Last we heard from Nils Økland was a radical departure with the Hardanger fiddler’s Sonic Youth and Velvet Underground-inspired trio album Lumen Drones.

This latest record, a more stately folk and chamber-jazz flavoured five-piece affair, bristling with sax, harmonium, bass and drums, was recorded in a church near Lena in Norway in the summer of 2012, the title track dedicated to Økland’s late father and to his mother.

The music is largely the fiddle player’s arranged by the band (improvisational range is actually limited, the room for manoeuvre relatively constrained), that’s Rolf-Erik Nystrom on saxes, Sigbjørn Apeland harmonium, Mats Eilertsen double bass and Håkon Mørch Stene on percussion and vibes.

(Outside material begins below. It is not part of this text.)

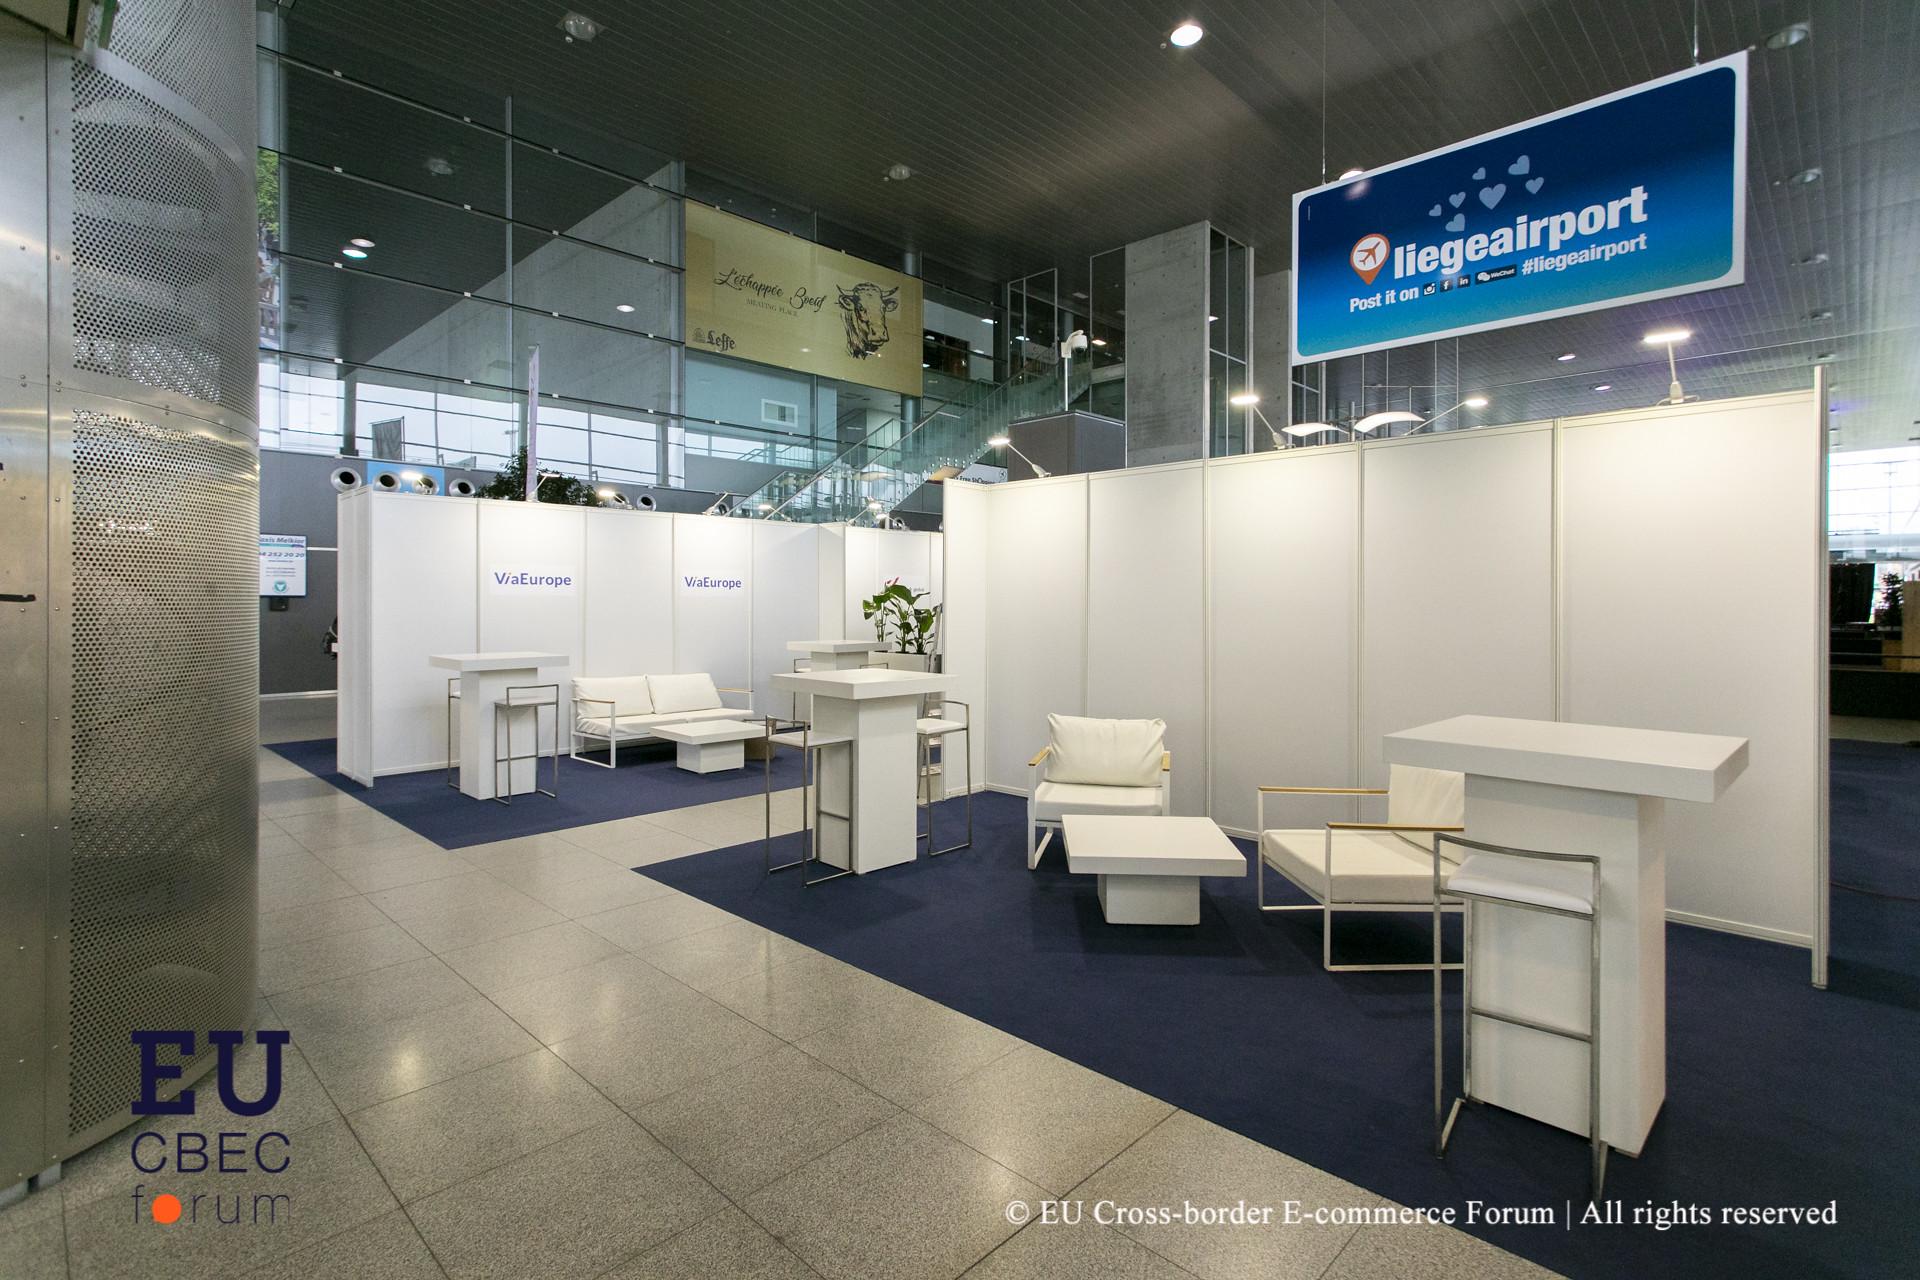 EU Cross-border E-commerce Forum

There’s an incantatory appeal to some of the dense chordal legato phrases on ‘Mali’ a kind of a mantra if it were sung. ‘Drev’ later is texturally richer the dirge-like atmosphere blossoming into something more open and appealing, the force of the band’s improvising imagination hitherto largely under wraps flickering and flowering.

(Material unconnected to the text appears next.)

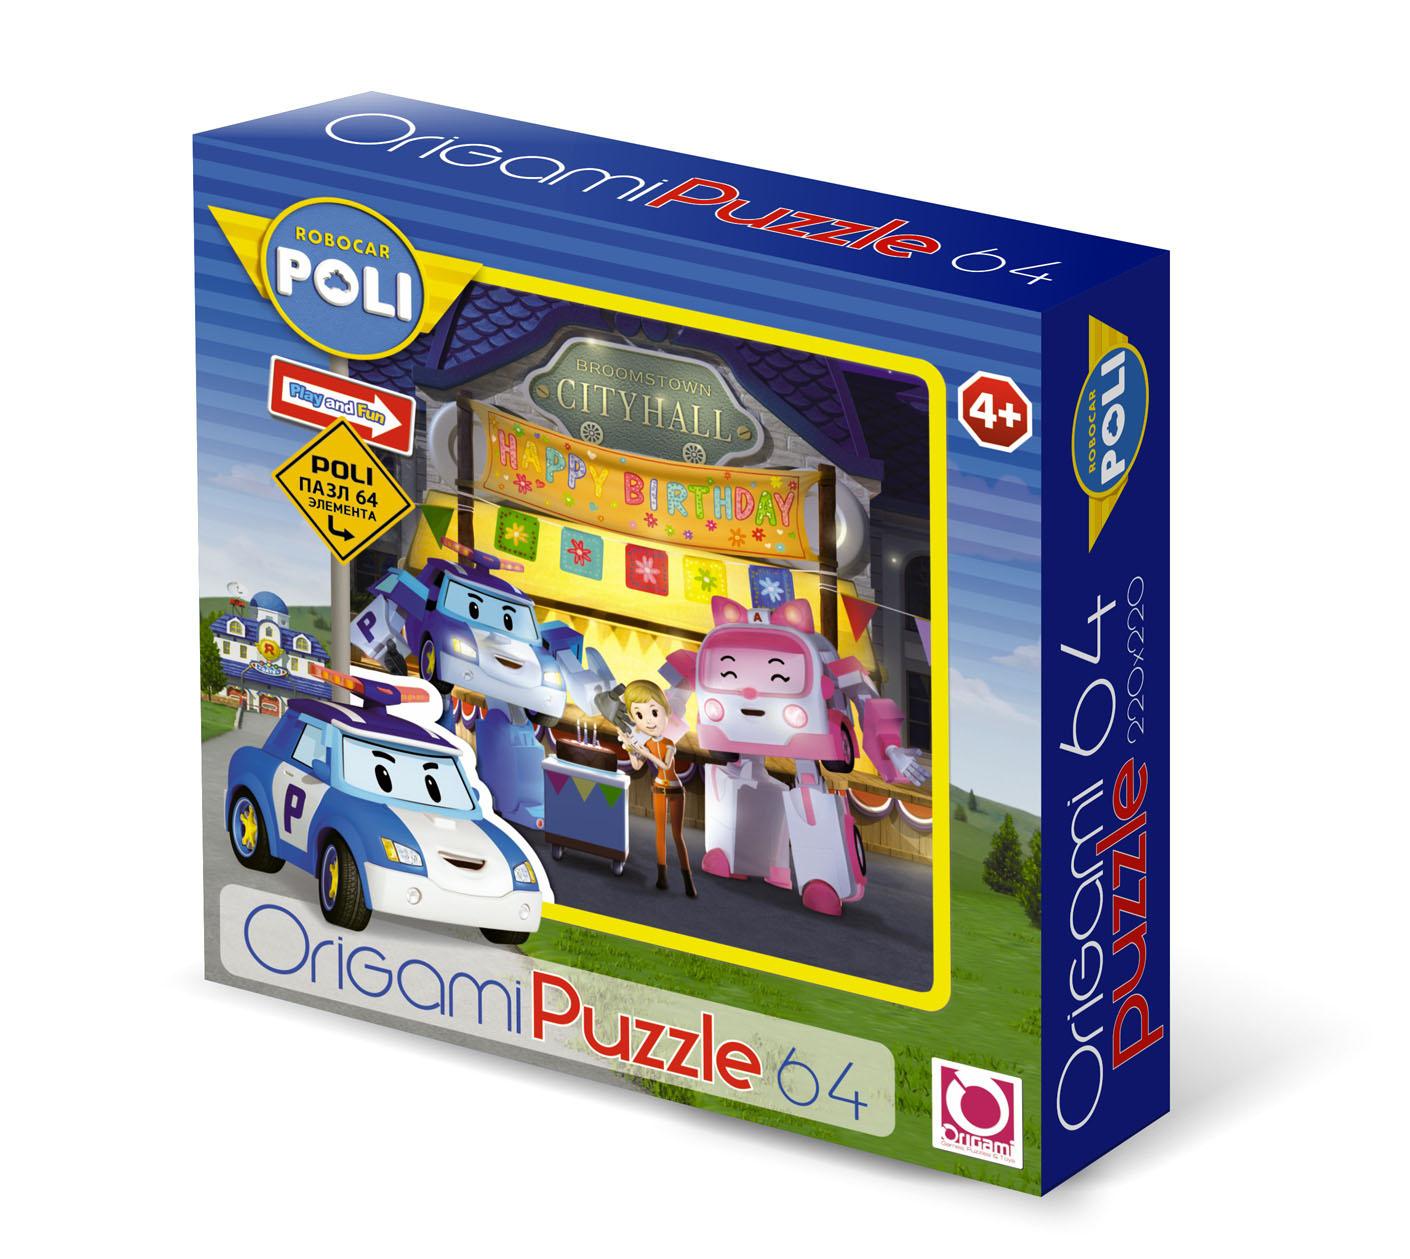 Паззл Robocar Poli 64 элемента.

A much more typical Okland album than what we heard on Lumen Drones, the strength and beauty of his musical personality driving the album, of course more of a good thing than anything else although the band is often overshadowed by the luminously ancient sounding fiddle among Økland’s choice of instruments.

Of as much appeal to those who listen a lot to classical music or traditional folk music from Norway, maybe even more so than jazz, pick for me is ‘Amstel’, Eilertsen breaking free, the lilting melody pristine in its rural loveliness.